I don't fit neatly into one box, and I stopped trying to a long time ago. My background is mechanical engineering, but I think like a product person and operate like a builder. I graduated summa cum laude from Embry-Riddle while playing collegiate baseball, running side businesses, and carrying a full course load. Baseball taught me to train, measure, adjust, and execute. Engineering taught me to understand the mechanism, find the constraints, and improve the design. AI has changed how I think about leverage and what one person can build with the right tools. Those ideas all run together for me. I learn by touching the tool, breaking the workflow, and seeing what happens, not by waiting until I feel fully ready.
My brain works pattern-first.

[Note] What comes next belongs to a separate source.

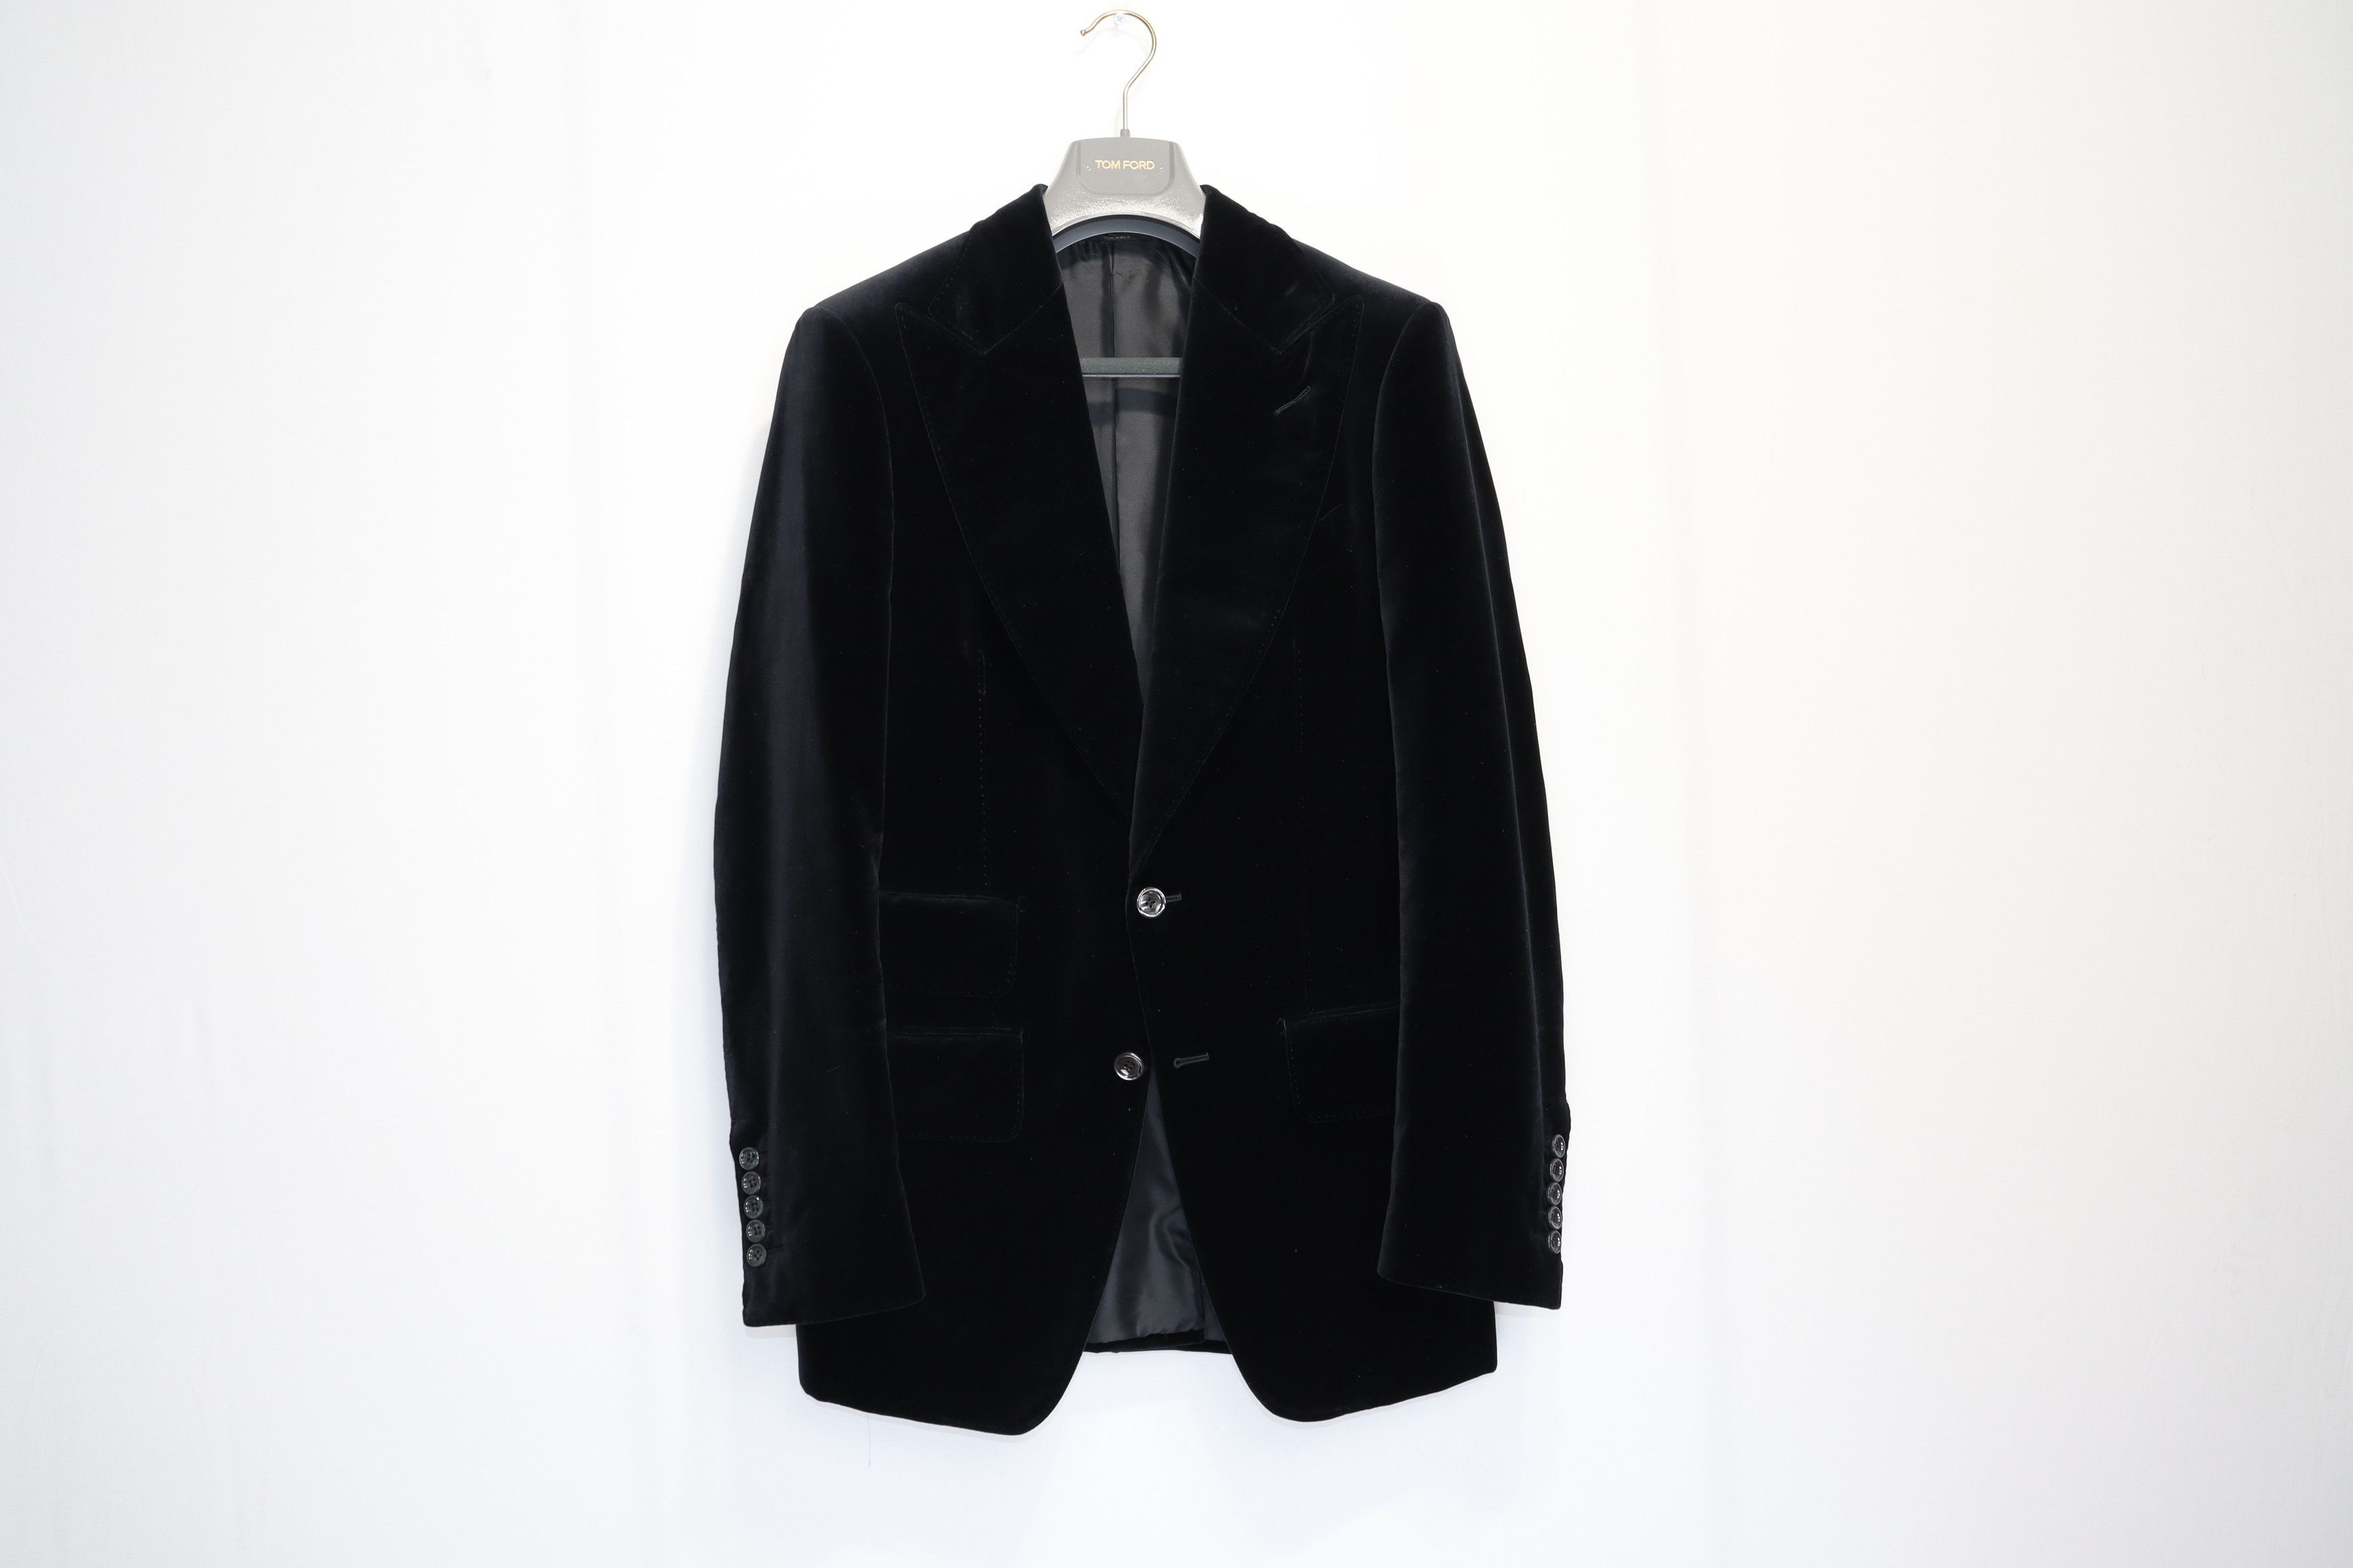 Harford Velvet Black Suit (7a8894a17f3c3c93088dbf059cd9b03f)

I am always trying to turn chaos into signal, and that instinct shows up no matter what I am looking at. In a dataset, I want to understand what is actually happening underneath the numbers. In a career decision, a market, or even a piece of theology, I find myself asking what is really driving the thing, what actually matters, and what could be built from that understanding. I am drawn to places where different worlds collide, like AI and sports science, finance and automation, or design and technical storytelling, because those overlaps are usually where the hidden structure lives. The interesting problems are almost always at the edges.
I like the early stage of things, when something is still underdeveloped, high-potential, and ambiguous. I like the moment when you can tell there is something there, even if it is not obvious yet, and then you start turning that vague sense into something visible, whether that becomes a workflow, a product, a demo, a system, a clothing drop, or a page. Creation is part of how I think. Moving fast helps me think faster, so I don't wait for perfect conditions. I experiment, make things, see what lands, and adjust. That hands-on loop is where I do my best work.
My faith shapes how I carry all of it. It does not make me less ambitious. It gives the ambition a direction. I want to build things that matter, not just things that look good on a metrics dashboard. I want to be ambitious without chasing status for its own sake, and disciplined without turning output into the whole point. More than anything, I want to become the kind of person who can be trusted with whatever is in front of him and use what I am genuinely good at in a way that actually means something.